The cover art for Alisa Amador's new single "Woke Up Today." (Courtesy Sasha Pedro)
The cover art for Alisa Amador's new single "Woke Up Today." (Courtesy Sasha Pedro)

Time and time again, Boston-based musician Alisa Amador has found the right words for the moment — a challenging skill, even for many practiced songwriters. Last year, her song “Milonga Accidental” propelled her to win NPR’s 2022 Tiny Desk Contest, and her Tiny Desk performance brought in hundreds of thousands of views. While that catapulting experience introduced a wider audience to her music, this kind of success often puts an artist in a consequential position. With more eyes on them than ever before, the question is: What’s the next move?

For Amador, it's been an international tour and new music. Her single “Woke Up Today” is the first original music she’s put out since her 2021 EP “Narratives.” Amador wrote the song to confront her own grief and depression and found self-acceptance along the way. “‘Narratives’ was just the beginning of my process of learning to truly be myself as an artist,” Amador said. “And that means not ascribing to one genre or strictly one language. Now this next release, ‘Woke Up Today,’ is like another step deeper into that process for me. … It feels like the most vulnerable song that I have to date.”

Amador’s struggle with depression reached a boiling point during the first summer of the pandemic. “I was really struggling with the lockdown — with mental health, with grief and with just a really mean self-talk. Really mean,” Amador said. On the day she wrote “Woke Up Today,” she had been attending one of those pandemic parties where people congregated and attempted to celebrate from the safety of a parked car. She spilled wine while sitting in her partner’s car and emotionally spiraled. “I was so hard on myself about this very human mistake. People spill things all the time.” She left the party and tried to console herself at home. “I remember sitting in the dark, crying, crying and feeling like I'm just so bad at everything and I don't know if I'm ever going to feel all right.”

With that, Amador wrote the first verse: “Woke up today feeling like I’d never be alright/ Tried to shake the nightmare as it echoed through my mind/ Tried to break my record of trying not to cry/ Tried to recognize myself in the looking glass of life.” Looking back, Amador said this line feels poignant. “That was a moment of recognition before I was maybe ready to recognize that what I was feeling was depression.”

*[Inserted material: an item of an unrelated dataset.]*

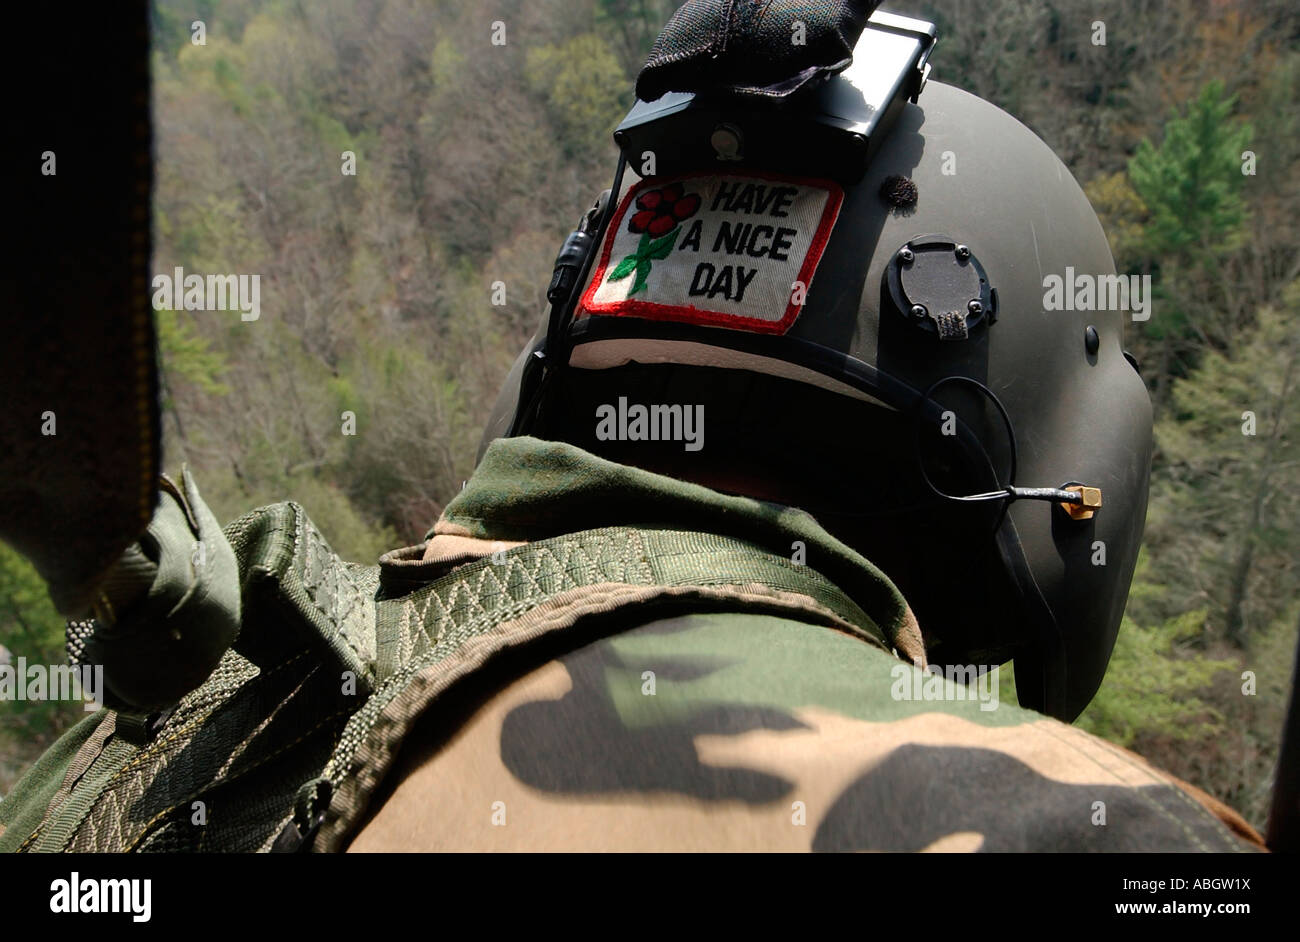 Black Hawk Helmet High Resolution Stock Photography and Images - Alamy

"Imagine suddenly touring and interviewing with press constantly, while also struggling to understand why you have sudden moments of exhaustion and sadness."

Alisa Amador

This song and the mental health challenges that inspired it stayed with Amador and became more apparent over the last three years. “The year after my Tiny Desk win was beautiful and very challenging, as I learned how to navigate this new chapter of my career while also coming to terms with my need for more mental health care,” Amador said via email. “Imagine suddenly touring and interviewing with press constantly, while also struggling to understand why you have sudden moments of exhaustion and sadness. It was a beautiful year, but also very tough.”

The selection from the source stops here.